Tuesday, December 18, 2007

Psychiatrist Billed Medicaid For Patients Never Treated

As seen in this report, psychiatrists and other mental health specialist have been caught having a field day billing the state of New York for everything they could get away with. Fortunately, they have been caught by auditors from the State of New York's comptroller's office. Click here for a copy of the audit.

A psychiatrist improperly billed Medicaid on eight separate occasions for more than 24 hours of treatment in a single day and appears to have billed for patients he never treated, among other improper practices, according to an audit released today by the state comptroller’s office.

“Most doctors work hard, but it is difficult to imagine how anyone can put in more than 24 hours in one day on multiple occasions,” comptroller Thomas DiNapoli said. “This should have immediately raised red flags and the psychiatrist should never have been paid. Better systems must be put in place by the Department of Health to prevent these types of payments from being made in the first place.”

In an analysis of payments for mental health services from August 1999 to October 2006, auditors identified more than $1.3 million in Medicaid overpayments for mental health services – many of which could have been prevented with additional controls in the eMedNY Medicaid claims processing system. The State Department of Health (DOH) administers Medicaid and the eMedNY system.

Among the audit’s primary findings:

One mental health provider who was paid more than $436,000 billed Medicaid on eight separate occasions for more than 24 hours — and as high as 42 hours in one instance — of service in a single day.

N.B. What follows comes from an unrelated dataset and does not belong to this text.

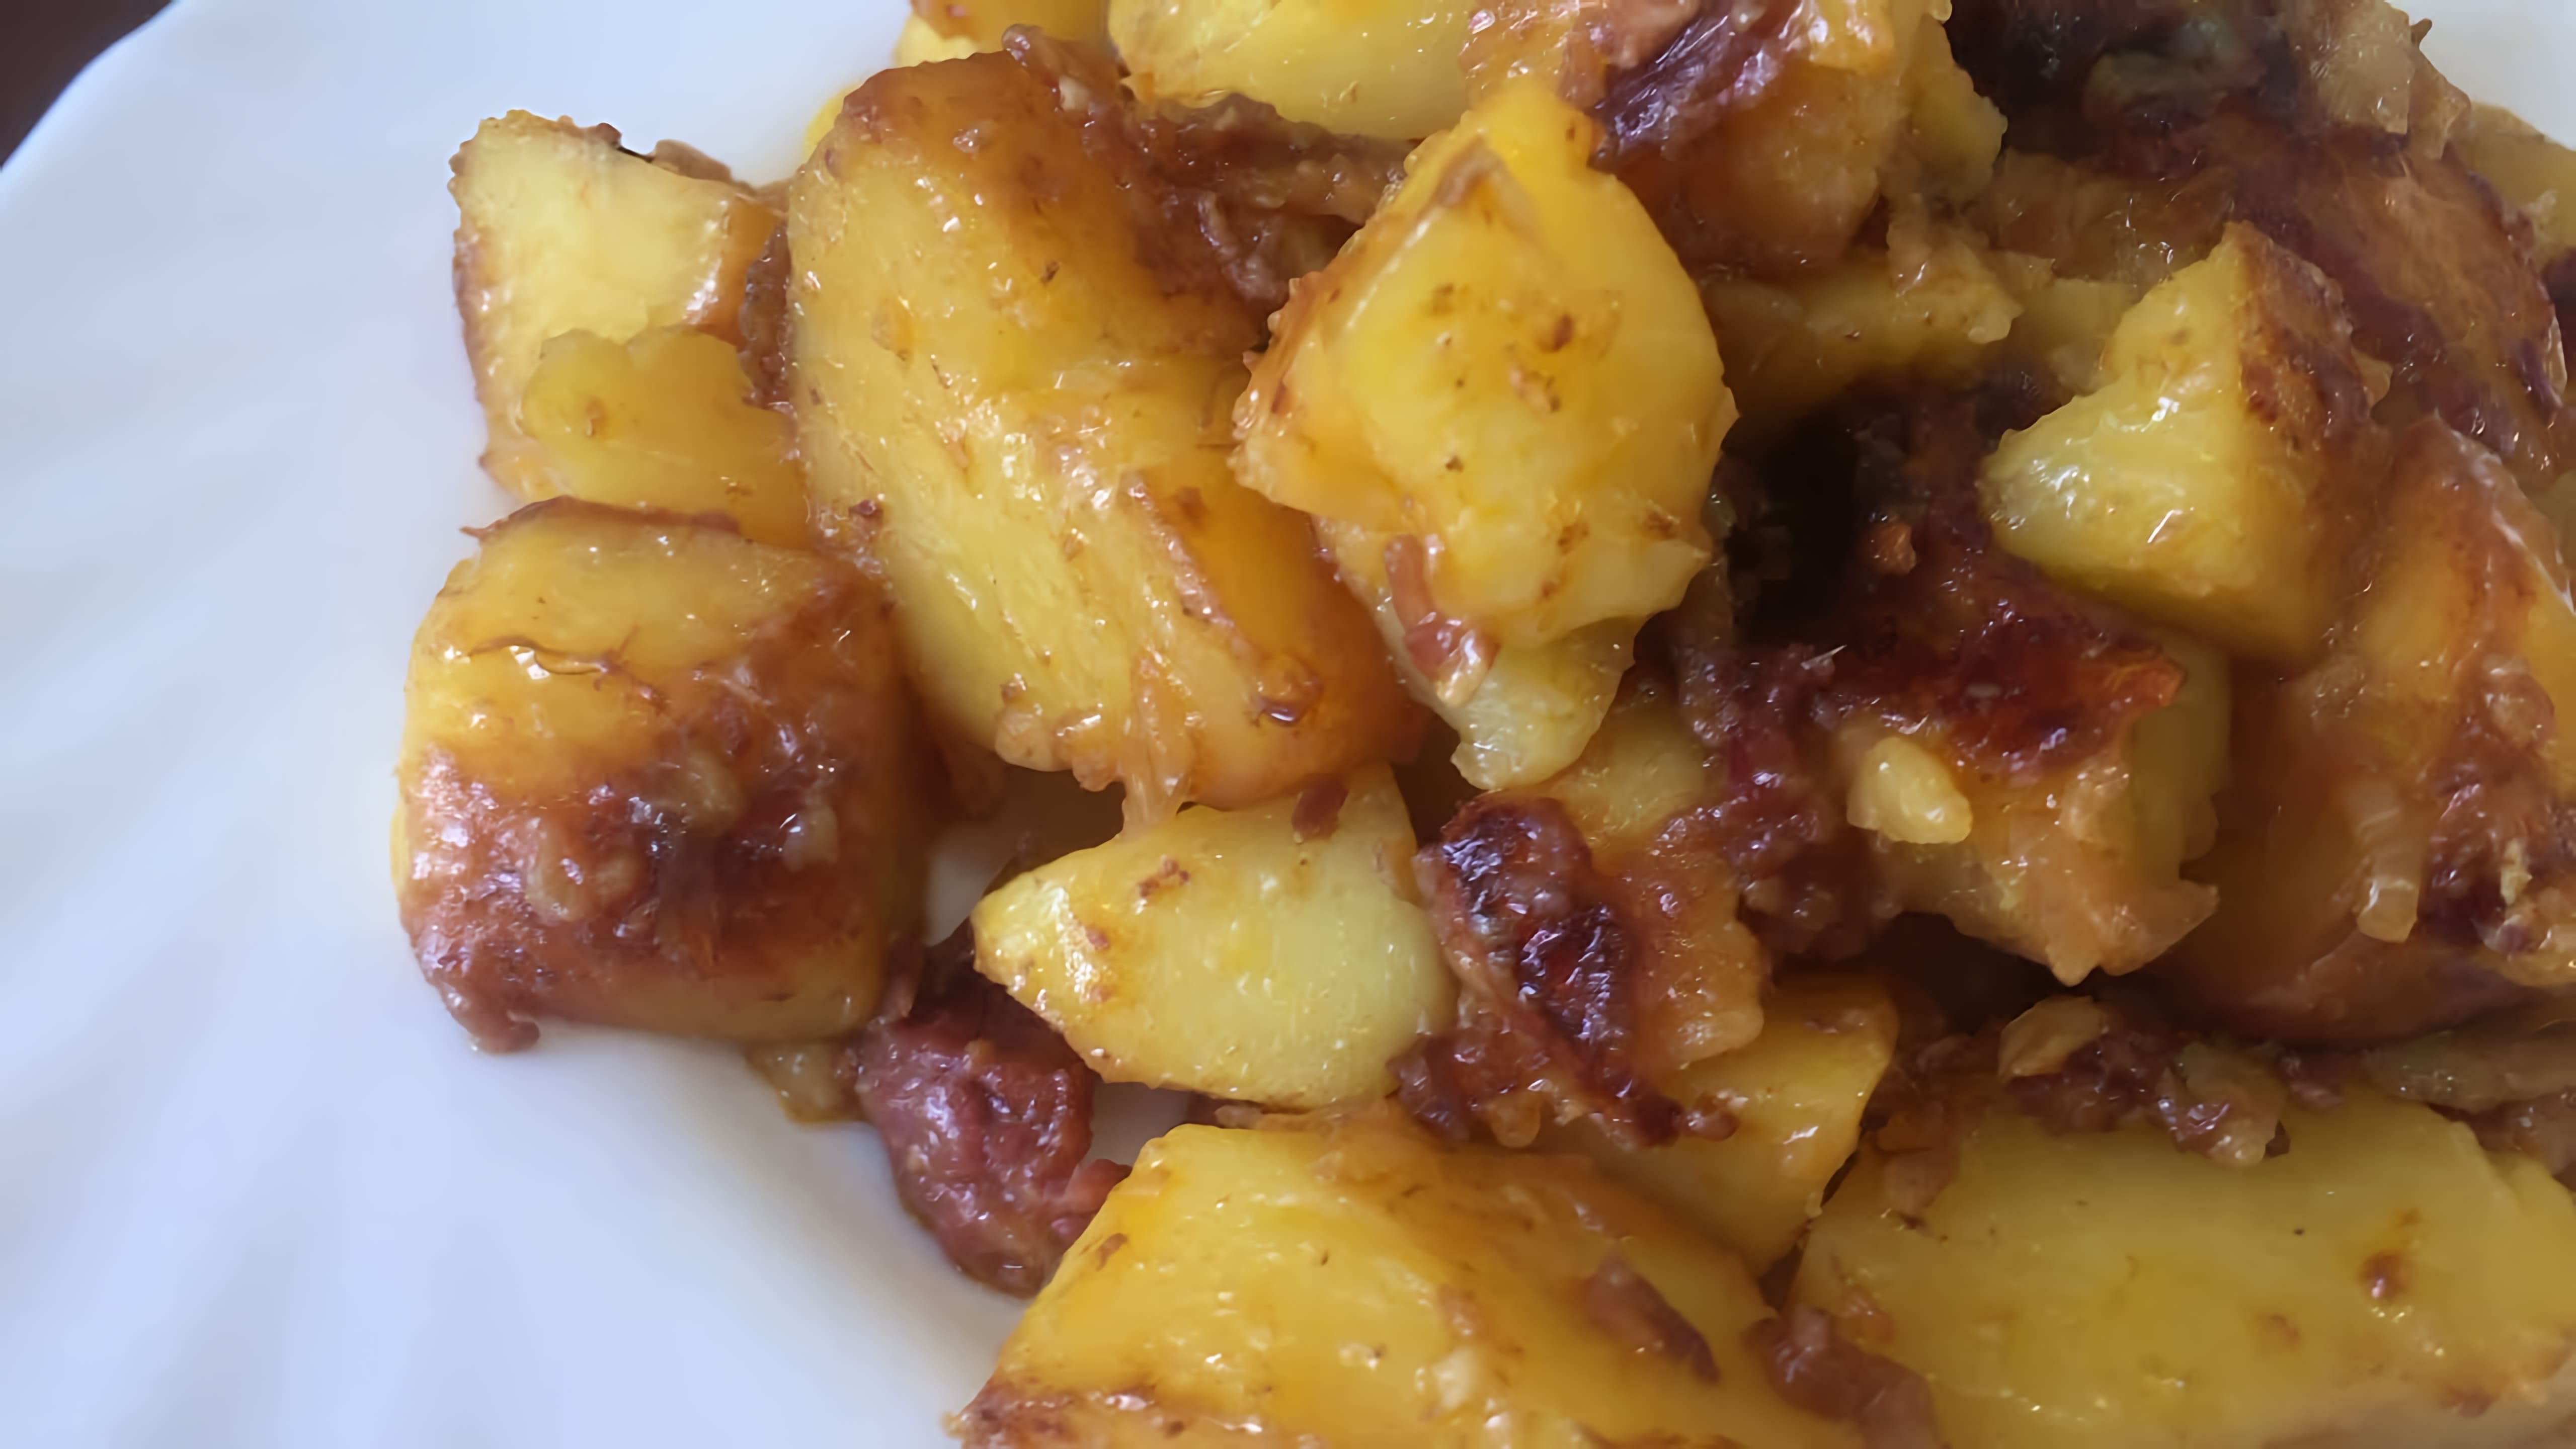 В этом видео демонстрируется процесс приготовления вкусного и быстрого блюда - картошки с тушенкой

He admitted to auditors he did not see certain patients for which he billed Medicaid. Auditors also discovered his clinical social worker saw certain patients but Medicaid was billed at the higher psychiatrist’s rate.

Some 389 providers submitted more than 27,000 claims valued at $662,000 for mental health services and pharmacologic management provided on the same day. Under Medicaid rules, psychiatrists who provide mental health evaluation and management services for patients cannot bill the program for prescribing medication — known as pharmacologic management — on the same day.

–106 clinic-based mental health practitioners received 21,132 payments totaling more than $381,000 from June 2002 through December 2005 for services for which the clinic also received payment. When services are provided at clinics, only the clinic not the individual service provider is permitted to bill Medicaid.

–1,898 instances were identified in which 27 different clinics had billed Medicaid twice at different rates for the same services. From June 2001 through October 2006, the overpayments totaled $302,568.

Auditors met with nine of these providers who double billed, eight of whom indicated that they were confused about the rules and misinterpreted DOH policy. The auditors recommended that DOH add a control to the eMedNY system to block payment for pharmacologic management when it is billed in conjunction with other mental health services. Auditors made a similar recommendation to improve the eMedNY system to block duplicate payments.

DOH indicated in its response to the audit that it would implement recommended controls and other strategies to avoid many of the overpayments found by auditors and would seek to recover any funds paid to providers in error. The complete response is included in the audit.

The findings of the audit have been referred to the Office of the Attorney General.

The Office of the State Comptroller conducts regular audits of the state’s $47 billion Medicaid program, identifying hundreds of millions of overpayments and fraud. Auditors review Medicaid claims that have been submitted by service providers and identify billing patterns and other circumstances that warrant an examination to determine whether claims are valid and appropriate. In 2007 alone, the State Comptroller’s Office identified more than $43 million in potential overpayments or inappropriate claims paid by the state’s Medicaid program.